Your instructions
For every line in the material, output its text exactly and exclude any image it holds.

Dataset excerpt

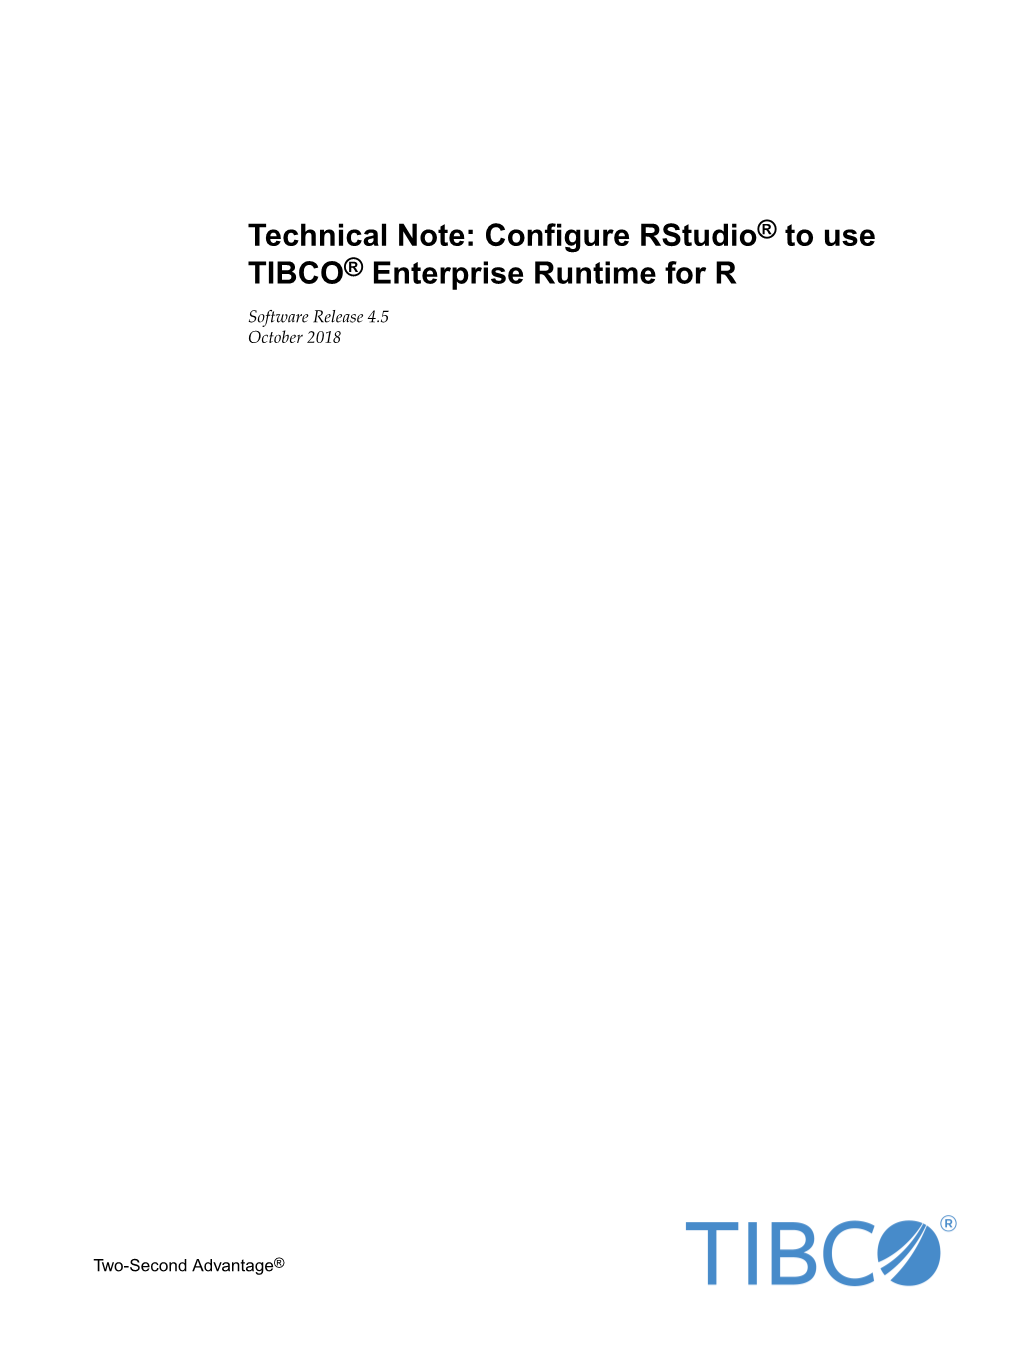 Configure Rstudio® to Use TIBCO® Enterprise Runtime for R
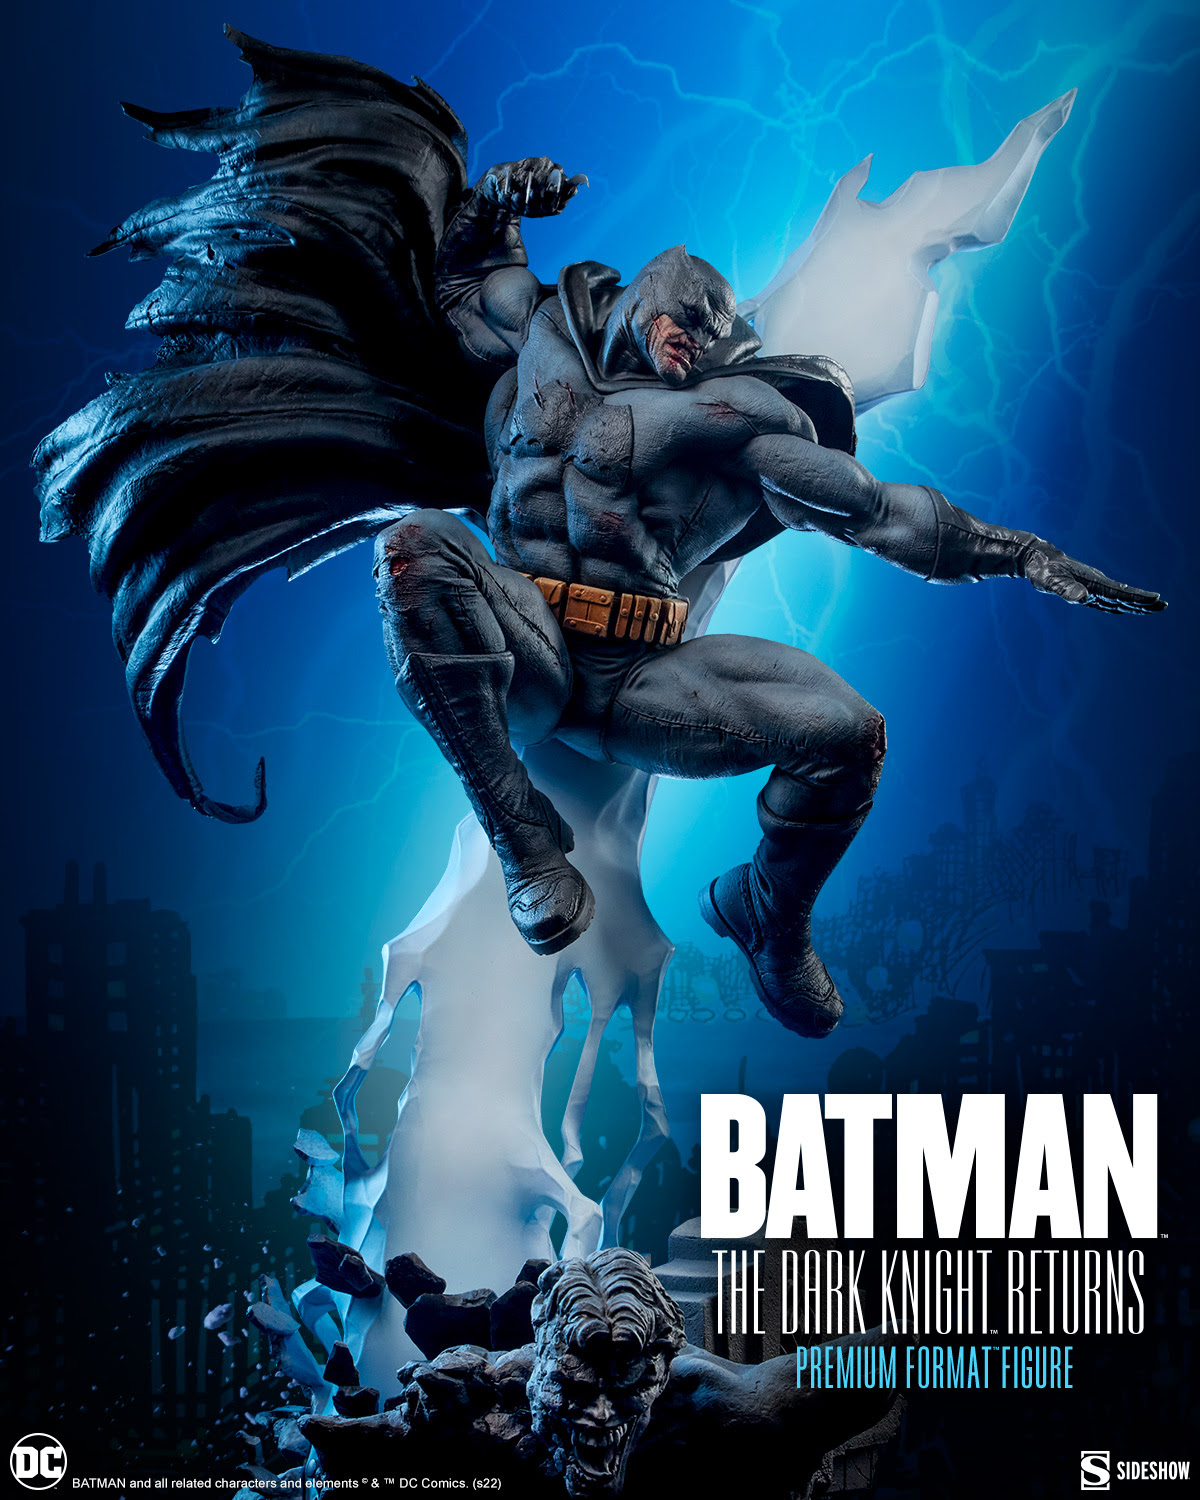 Batman: The Dark Knight Returns premium format figure revealed
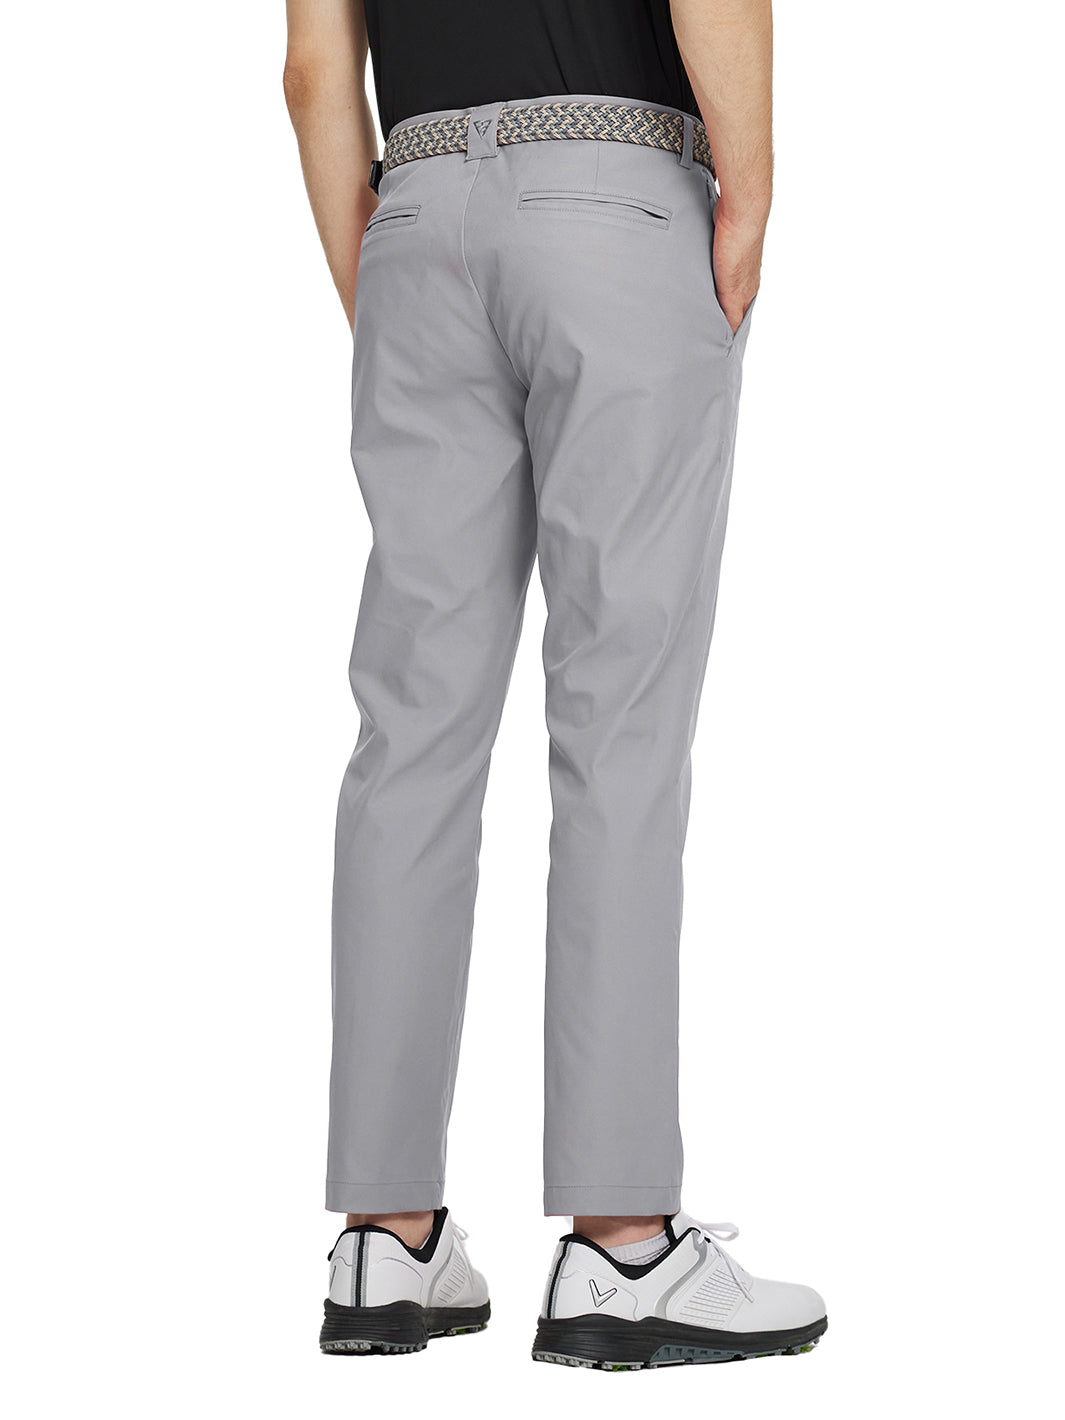 Men's Performance Golf Pants-Glacier Grey
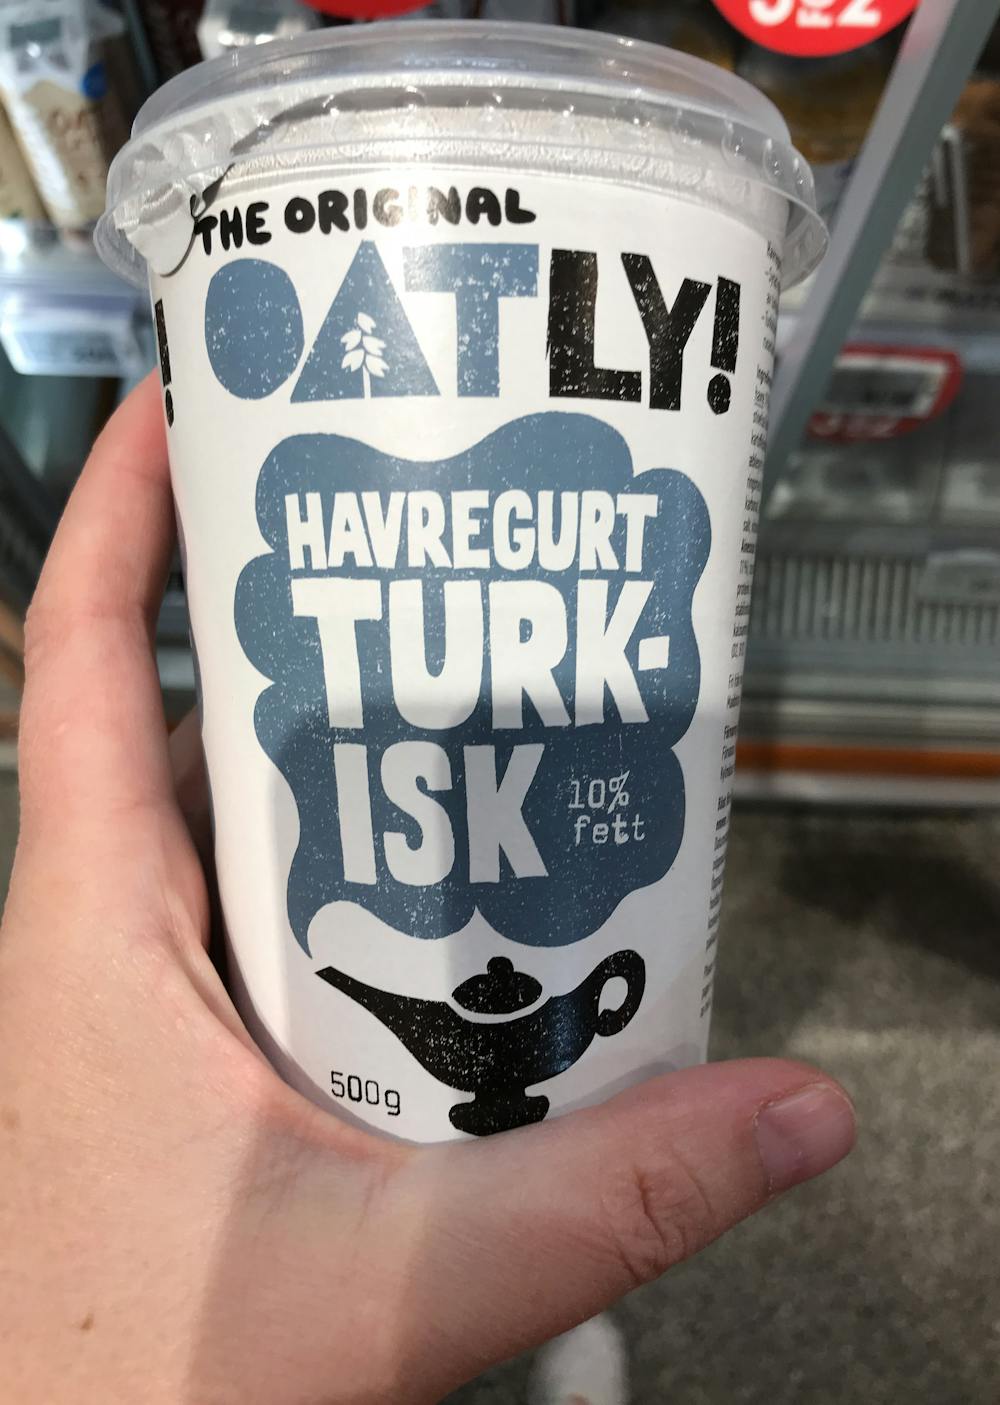 Havregurt turkisk, Oatly!

Answer to the exercise
 Configure Rstudio® to Use TIBCO® Enterprise Runtime for R
 Batman: The Dark Knight Returns premium format figure revealed
 Men's Performance Golf Pants-Glacier Grey
 Havregurt turkisk, Oatly!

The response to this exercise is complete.